Read Linda Adams Hoyles Oral History Interview:
http://spec.lib.vt.edu/archives/blackwomen/adams.htm

Learn more about the experiences of Virginia Tech’s first black students:
http://www.vtmag.vt.edu/sum14/trailblazers-black-alumni-60s-70s.html

I. J. (Jack) Good: Virginia Tech’s Own Bletchley Park Connection


Enigma, Ultra, Alan Turing, Bletchley Park, the British efforts to break German codes in World War II. Maybe you’ve seen or are waiting to see the 2014 movie, The Imitation Game, which tells part of this story with Turing, quite rightly, as its central character. Perhaps you became aware of this highly classified historical episode when the secrecy surrounding it gave way to public sensation in the early 1970s, almost thirty years after the end of the war . . . or in the many books and movies that have followed. An interest in wartime history, cryptography, or the early development of computers provide only a few of the possible avenues into the story. But did you know that one of the primary characters in that story, a mathematician who earned a Ph.D from Cambridge in 1941 with a paper on topological dimension, was a professor of statistics at Virginia Tech from 1967 until his retirement in 1994, and lived in Blacksburg until his death just a few years ago at the age of 92? Maybe you did, but I didn’t. His name was I. J. Good, known as Jack.

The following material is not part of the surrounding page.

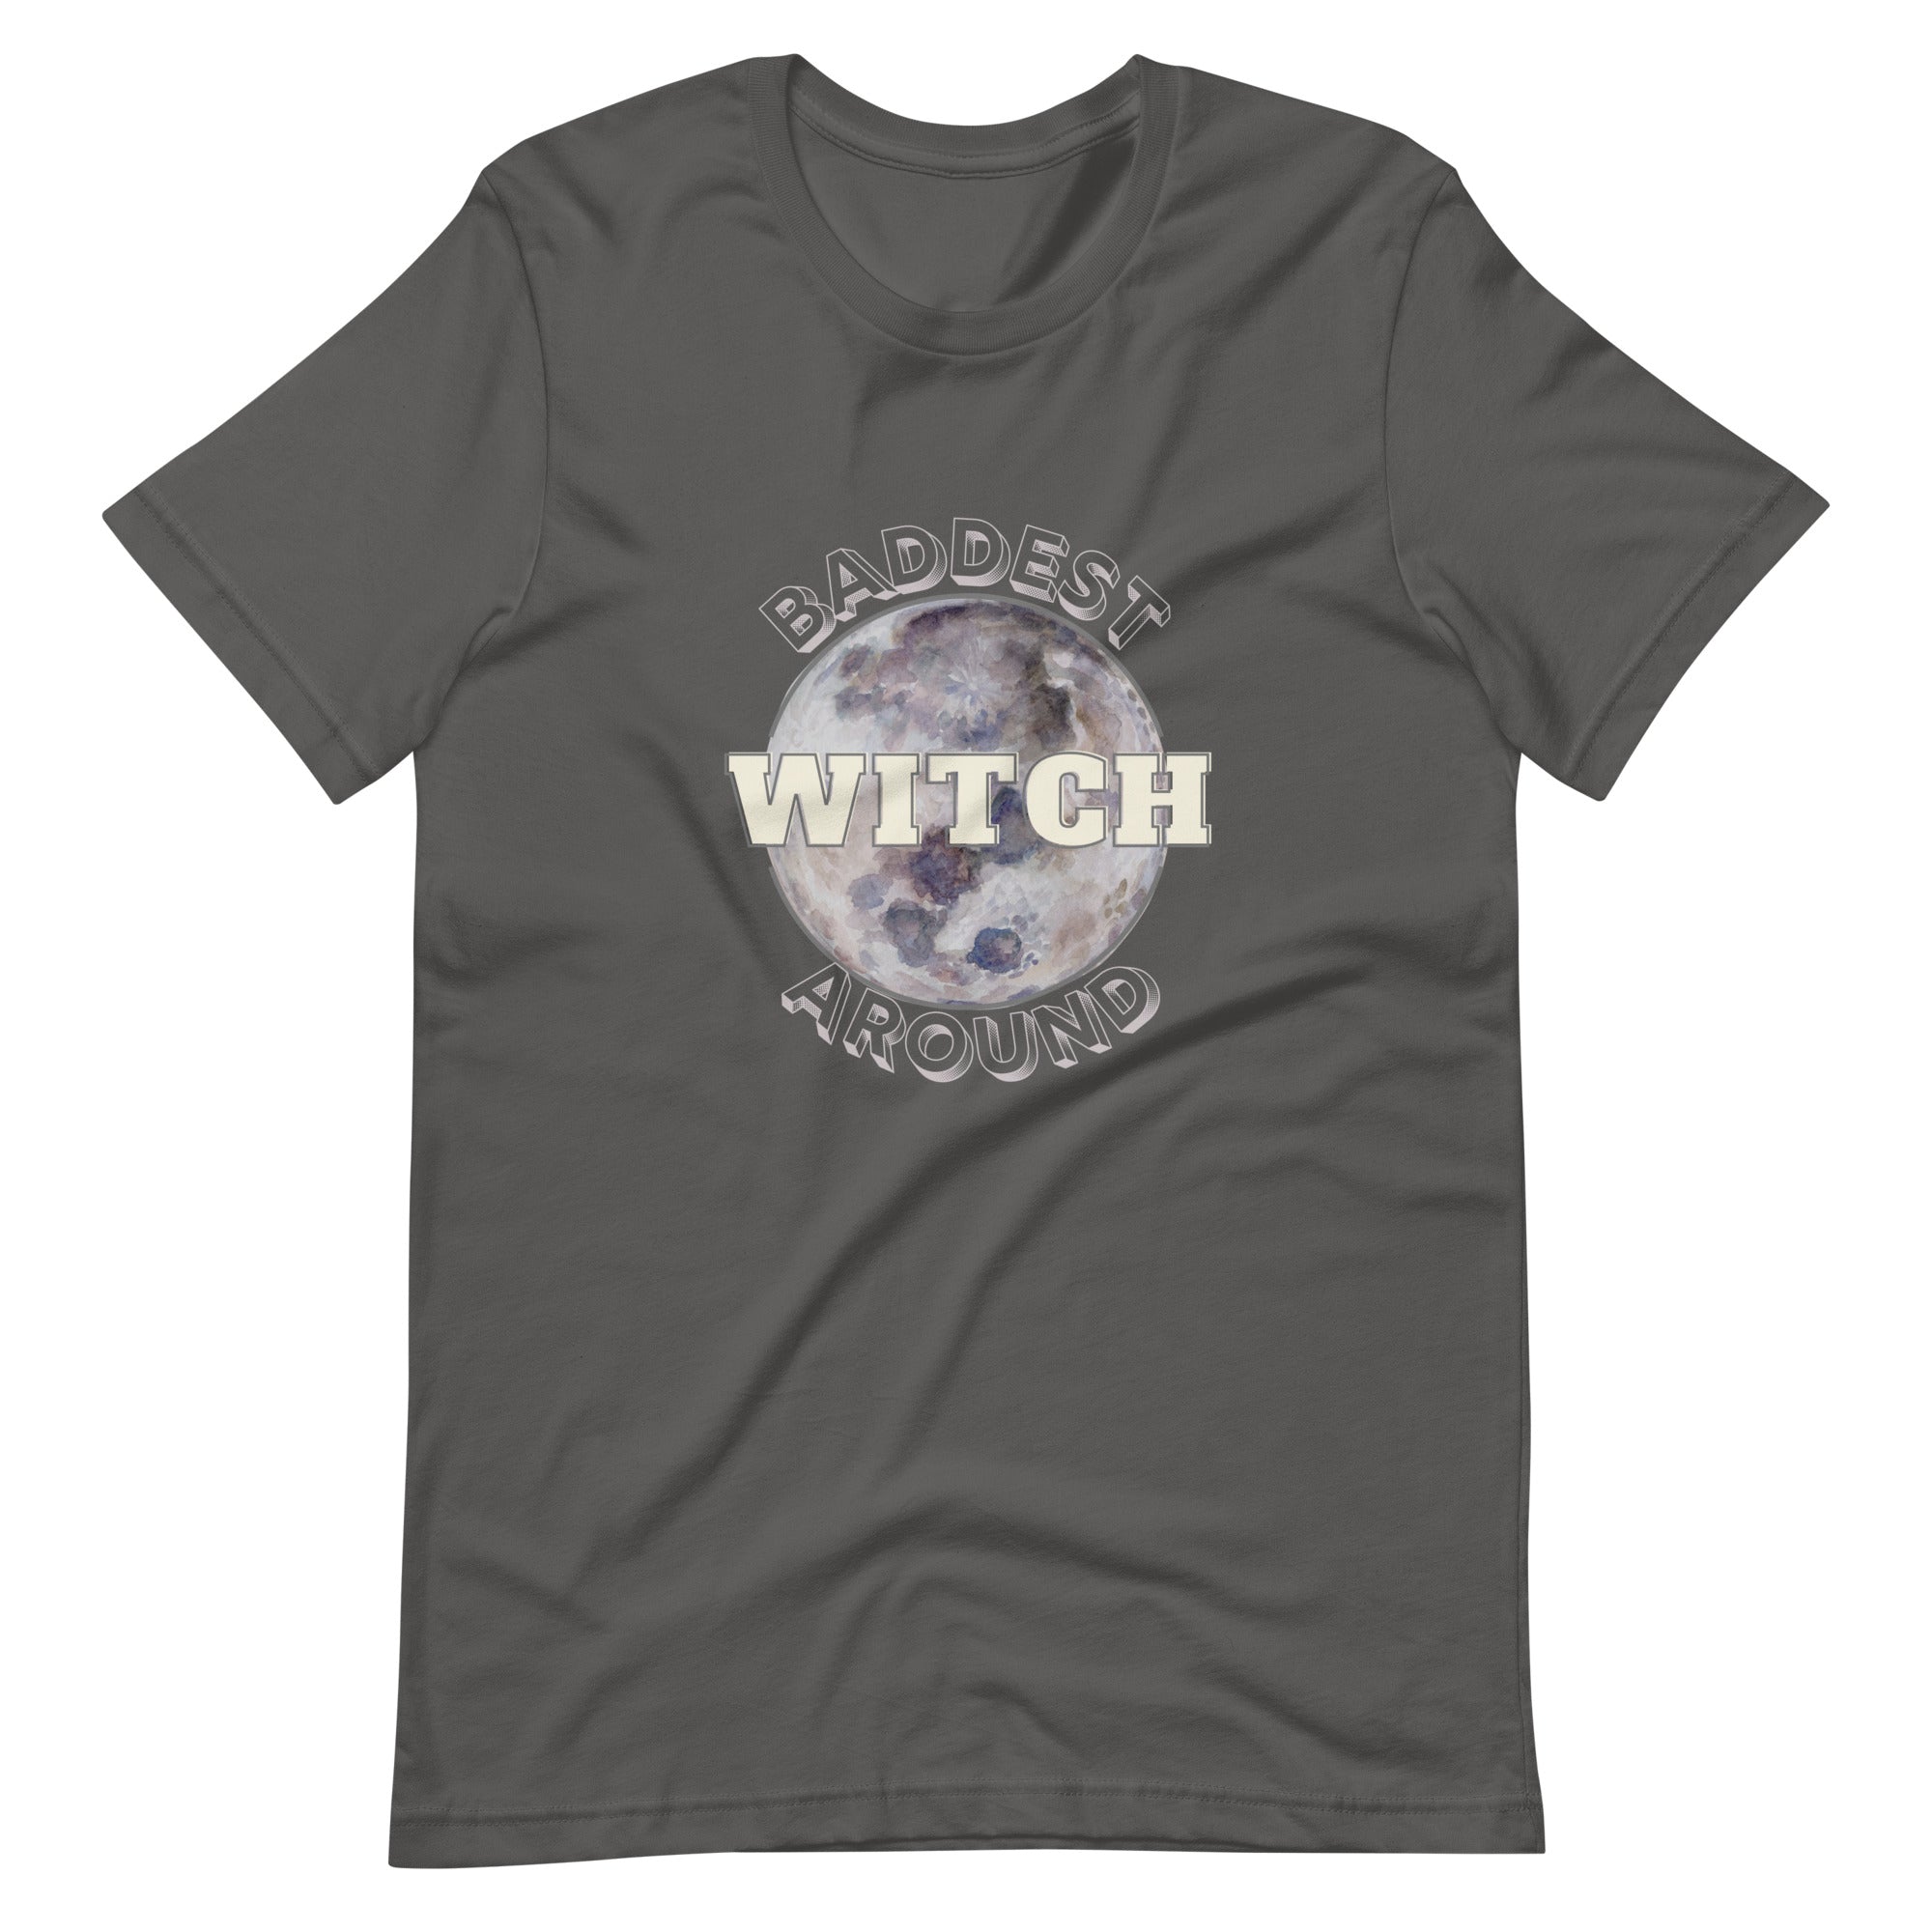 Baddest Witch Around Unisex t-shirt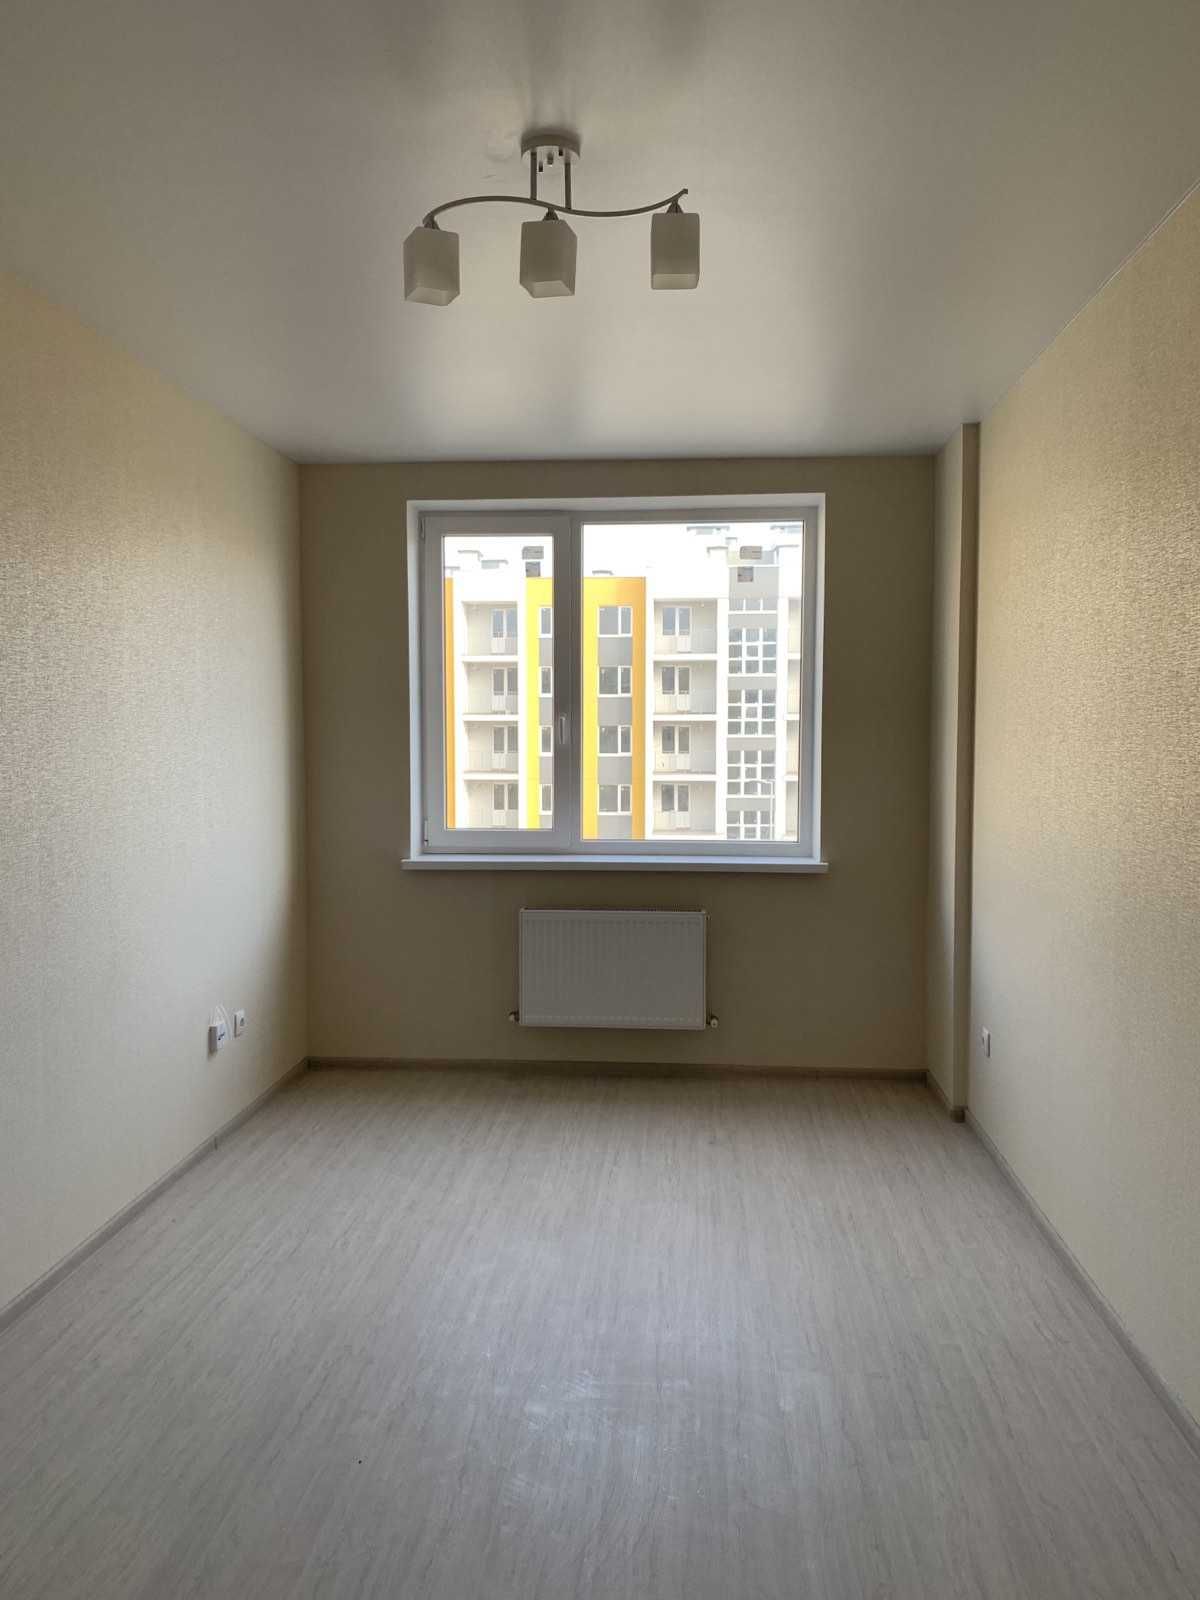 Продам новую 2 комнатную квартиру с ремонтом в ЖК  7 Небо. Дом сдан.

He was born Isidore Jacob Gudak in London in 1916, the son of Polish and Russian Jewish immigrants. Later changing his name to Irving John Good, he was a mathematical prodigy and a chess player of note. In a interview published in the January 1979 issue of Omni, Good says of the claim that he rediscovered irrational numbers at age 9 and mathematical induction and integration at 13, “I cannot prove either of these statements, but they are true.”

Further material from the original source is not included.